We also compared the prediction performance of PrismNet with four PrismNet-variants respectively using the following inputs: only RNA sequences (input shape: 101 × 4), only icSHAPE RNA structural data (input shape: 101 × 1), RNA sequences and computationally predicted RNA structural data (input shape: 101 × 5), RNA sequences and shuffled icSHAPE RNA structural data (input shape: 101 × 5). All four of these PrismNet variants were trained and evaluated on 256 models representing 168 human RBPs the same way as for PrismNet.

To evaluate the model performance for datasets comprising different ratios of positive vs negative samples, we trained and validated the PrismNet model with a series of datasets, all having the same positive sites, but differing in the numbers of negative sites.

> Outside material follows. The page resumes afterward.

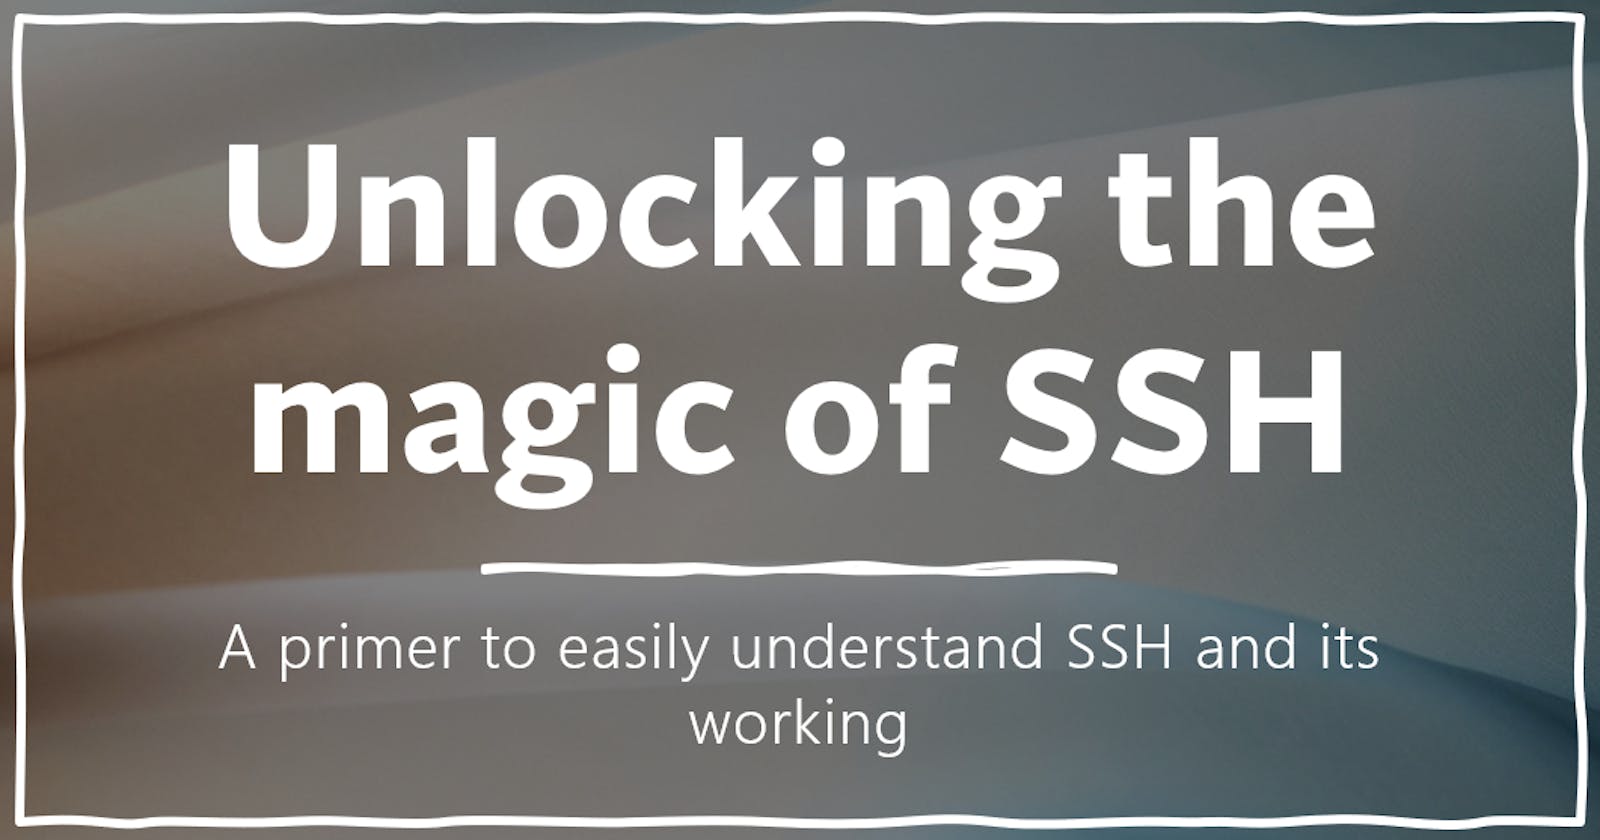 Unlocking the magic of SSH

Specifically, the examined ratios of positive vs negative sites included 1:1, 1:2, 1:3, 1:5, 1:10, 2:1, 3:1, and 10:1 to train different RBP model and to validate their performance with AUROC.

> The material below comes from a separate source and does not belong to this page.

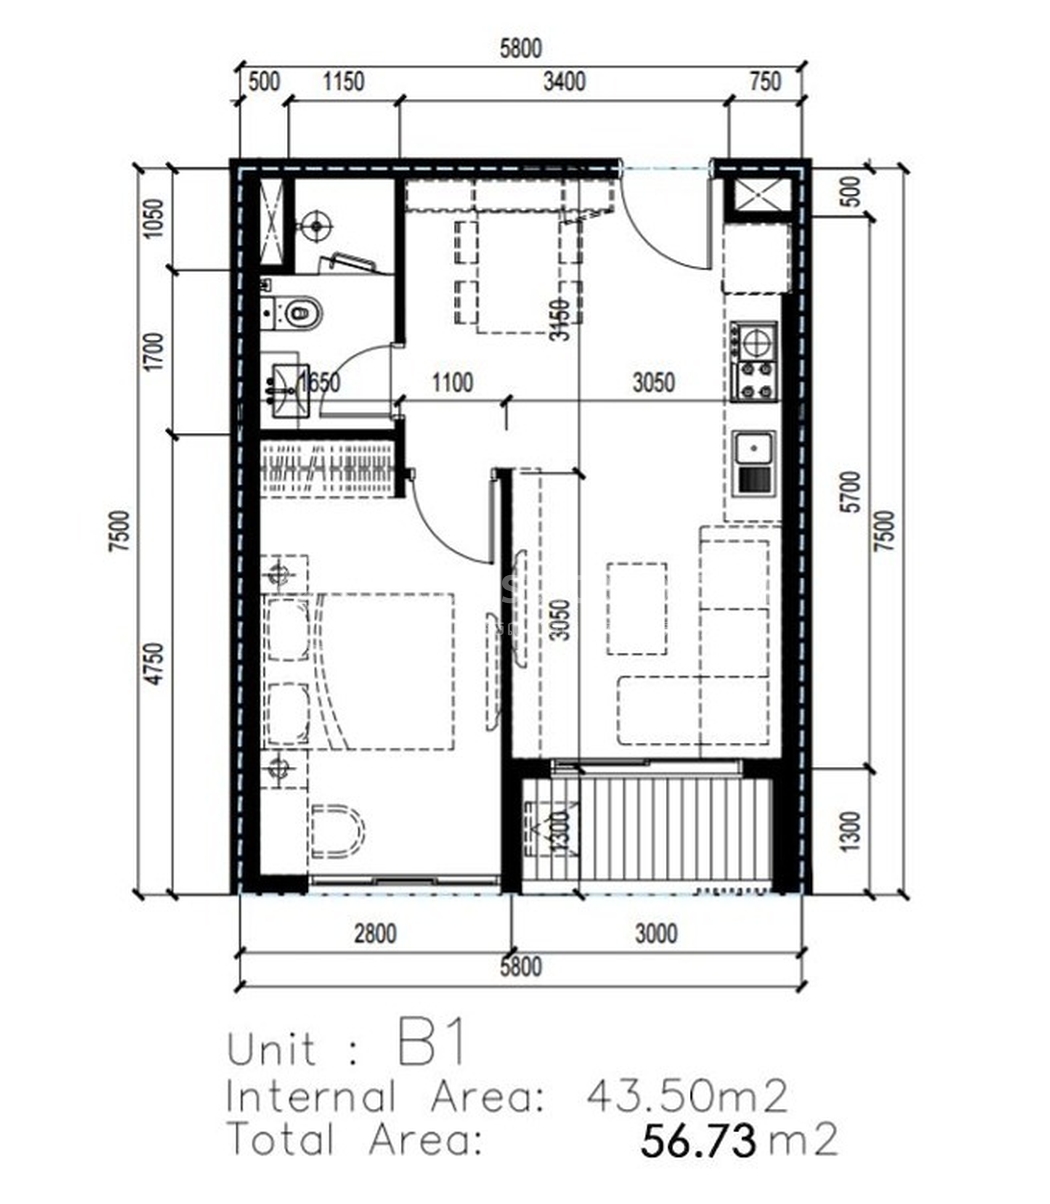 1BR Floor Plan.jpg

To further compare the binding sites of CLIP data and prediction by PrismNet and DeepBind (Fig. 2b; Supplementary information, Fig. S3c), we trained models using DeepBind, PrismNet, and an iteration of PrismNet which only employed RNA sequence information as input, in each case using IGF2BP1 binding sites in the K562 eCLIP data. The human genome was split into 1 M bins (without overlap) and we counted the number of binding sites in the K562 eCLIP data. We then applied these models to predict the binding sites for the IGF2BP1 protein across the HepG2 transcriptome by DeepBind, PrismNet, and PrismNet with only RNA sequence information, also using a sliding windows strategy. Finally, we examined the overlap of binding sites between the K562 experimental data and the predicted sites from the three prediction models (Fig. 2b; Supplementary information, Fig. S3c).

Correlation analysis between PrismNet predicted RBP binding and splicing

To obtain the SRSF1 binding difference in HEK293T and K562 cells, the transcriptome-wide binding sites of SRSF1 were predicted using PrismNet and compared between the two cell lines (Fig. 3a).

First, the splicing differences of the 12 targeted exons with predicted differential SRSF1 binding between HEK293T and K562 cells were quantified using RT-qPCR. The test primers are in the Supplementary information, Table S4. For each possible splice event (e.g., an exon skip event), we calculated a percent-splice-in (PSI) value. This PSI is the ratio of normalized reads (indicating inclusion of a transcript element) over the total normalized reads for that event (both inclusion and exclusion).

Then for the transcriptome-wide splicing difference between HEK293T and K562, we built icSHAPE control libraries (DMSO-treated) in HEK293T and K562 cells to be used as common RNA-seq data. The sequencing reads were pre-processed the same way as the icSHAPE libraries (cutting adaptors and removing duplicates), and were aligned to the human genome (hg38) using Bowtie2 with default parameters.¹⁰⁹ Then the mapped reads were used to calculate the splicing difference between HEK293T and K562 using SUPPA2.¹¹⁰ To exclude the difference of different types of alternative splicing events, we only considered the transcripts with skipped exons and SRSF1 binding difference in the 5′ of the exon. We then calculated Pearson correlation coefficients between the difference of PrismNet-predicted SRSF1 binding probability and the splicing difference between HEK293T and K562 cells.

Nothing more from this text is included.